How To Grade a Test Without Knowing the Answers --- A Bayesian Graphical Model for Adaptive Crowdsourcing and Aptitude Testing
Yoram Bachrach (Microsoft Research), Thore Graepel (Microsoft, Research), Tom Minka (Microsoft Research), John Guiver (Microsoft Research)

TL;DR
This paper introduces a Bayesian graphical model for adaptive testing that jointly estimates question difficulty, participant ability, and correct answers, enabling more efficient testing by selecting questions adaptively.
Contribution
It presents a novel probabilistic graphical model and an active learning scheme for adaptive testing that reduces the number of questions needed for accurate assessment.
Findings
The model accurately infers question difficulties and participant abilities.
Adaptive testing with the model requires fewer questions than static tests.

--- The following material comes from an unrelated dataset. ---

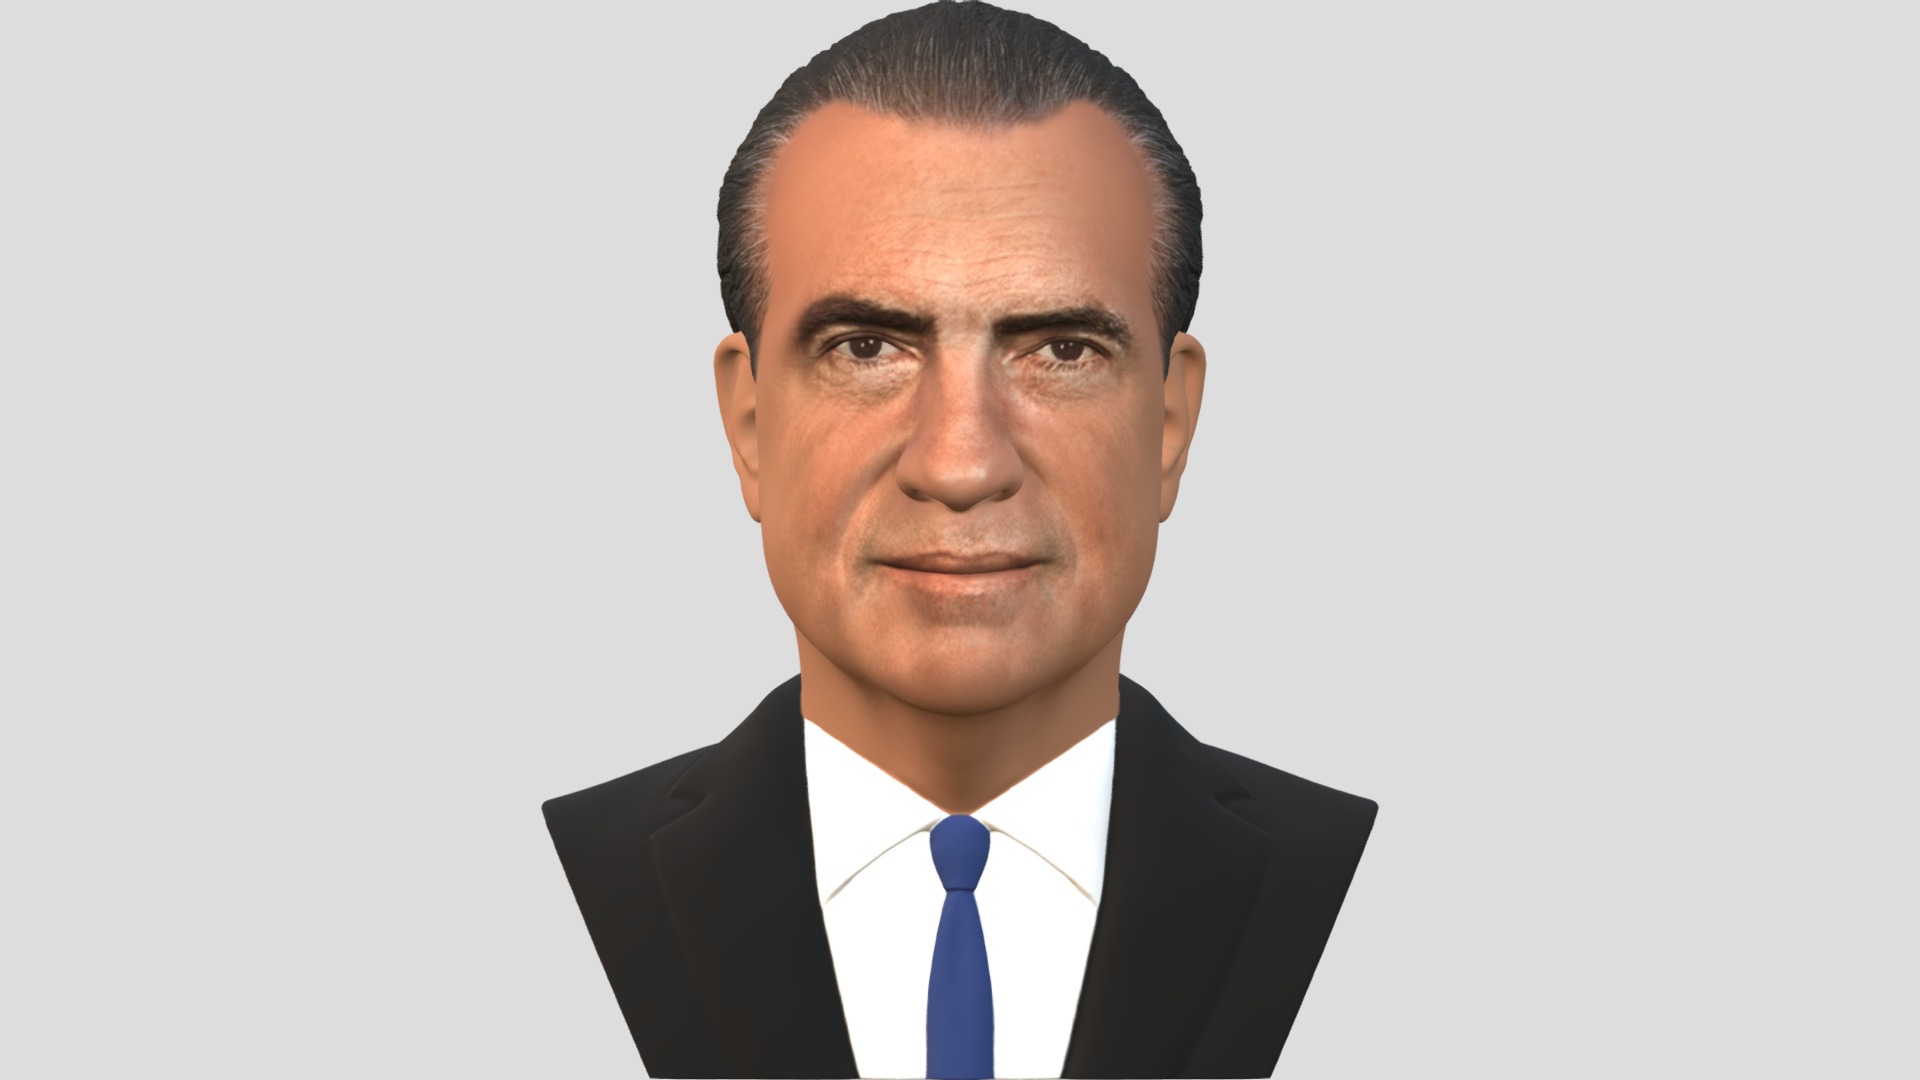 3D model Richard Nixon bust for full color 3D printing - This is a 3D model of the Richard Nixon bust for full color 3D printing. The 3D model is about a man in a suit.

Experimental results validate the efficiency and accuracy of the proposed approach.
Abstract
We propose a new probabilistic graphical model that jointly models the difficulties of questions, the abilities of participants and the correct answers to questions in aptitude testing and crowdsourcing settings. We devise an active learning/adaptive testing scheme based on a greedy minimization of expected model entropy, which allows a more efficient resource allocation by dynamically choosing the next question to be asked based on the previous responses. We present experimental results that confirm the ability of our model to infer the required parameters and demonstrate that the adaptive testing scheme requires fewer questions to obtain the same accuracy as a static test scenario.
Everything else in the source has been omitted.